Except they weren’t. Strangers. They might never have met before but, from the moment their eyes had met, they had known one another, deep down. Responding to something that went far beyond the surface conventions.
She looked again at the photograph.
Nice.
What a pathetic, pitiful word to describe such a landscape. To describe a house designed with such skill that it would become a part of it.
It wasn’t nice; it was dramatic, powerful, at one with its setting.
It was extraordinary. Twenty minutes. That was all it had taken her to see through surface veneer to the darkness at the heart of the apartment.
He’d designed it as a gift for Claudia, his cousin’s wife. Envisaged it filled with light, colour, life—reflecting the light, colour, life of the city. He’d been forced to watch, helpless, as Christopher had taken his vision and sucked the life right out of it. Just as he’d sucked the life right out of the woman he loved.
Lucy didn’t bother to look at each room before deciding which to choose. They were all as soulless as the room upstairs.
She dumped her bag on the bed and checked out the en suite bathroom. Like those upstairs, it was supplied with all the essentials, including a new toothbrush which she fell upon with gratitude.
She’d replace it first thing…
She caught her reflection in the mirror. First thing suggested that she was staying. That she had taken him at his word. Trusted that bone-deep connection…
‘Not bright, Lucy B,’ she said. ‘You are such a pushover. One smile and he’s got you wrapped around his little finger.’
One look and she’d seen her engagement to Rupert for the sham it was.
But, even if he was as genuine as her instincts—and just how reliable were those dumb whoosh, flash, bang hormones anyway?—were telling her, this was, could only ever be, a very temporary stopgap.
Breathing space.
She took out her own phone and it leapt into life. Of course. Why would Rupert cut her off when it was the one way he could contact her?
There were dozens of voicemails. She ignored them. There was no one she could think of who’d have anything to say that she wanted to hear. But she opened Rupert’s last message:
Henshawe 20:12. We need to talk.
Blunt and to the point, it didn’t escape her that he’d waited until the store was closed, all the doors were locked and there was no chance that she was still inside before calling her.

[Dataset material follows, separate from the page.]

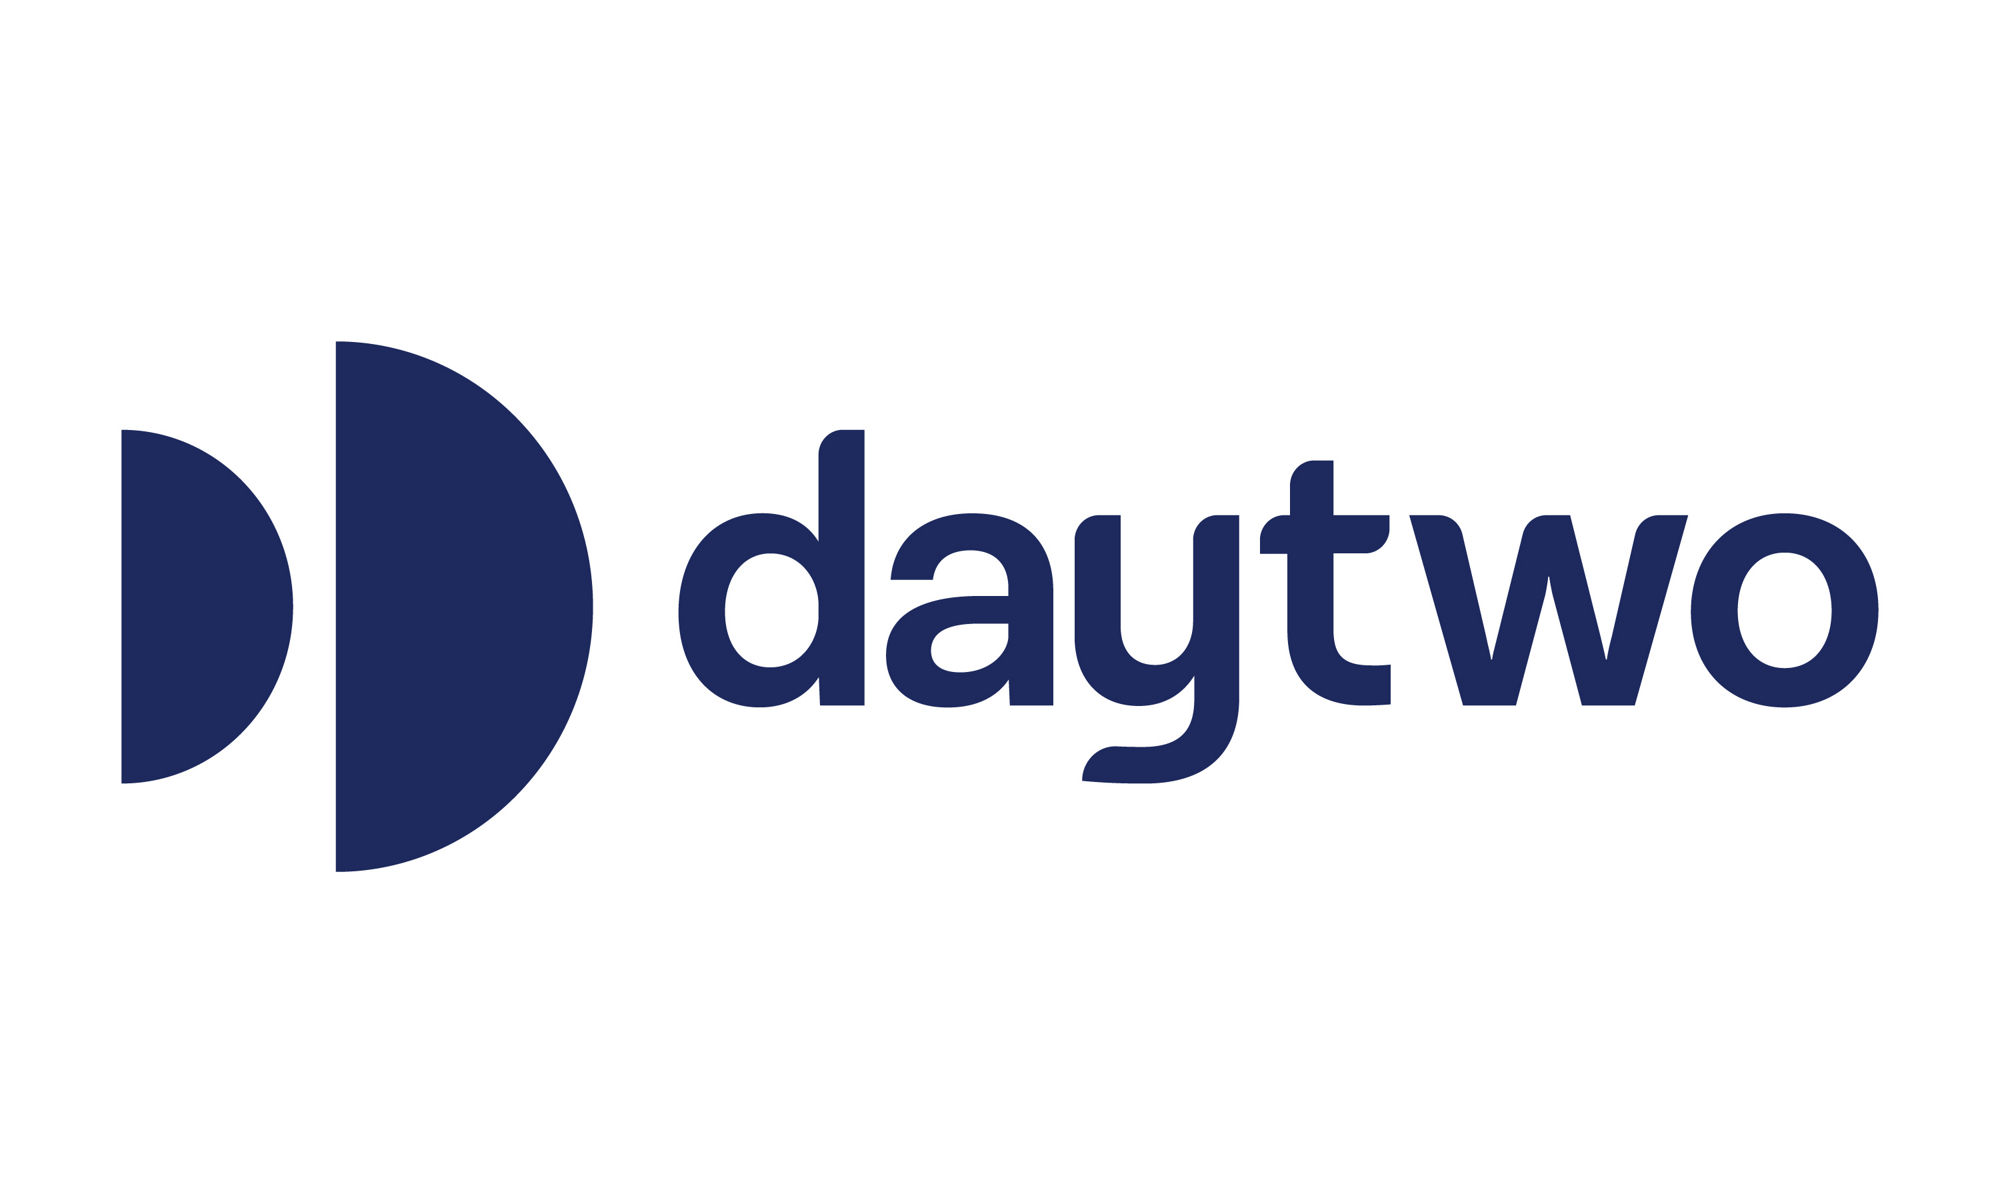 Day Two company logo

Proof, if she needed it, that he’d had someone watching all that time, just in case.
No doubt he’d had everyone out checking anywhere else she might have taken cover, too. She guessed some of the messages were from her former flatmates, the owner of the nursery where she’d worked. Everyone who had touched her life since the day her mother had abandoned her.
No apology, but at least there was no pretence. Forced to accept that she’d somehow slipped through his fingers, he was ready to talk.
The problem there was that there was nothing he had to say that she wanted to hear.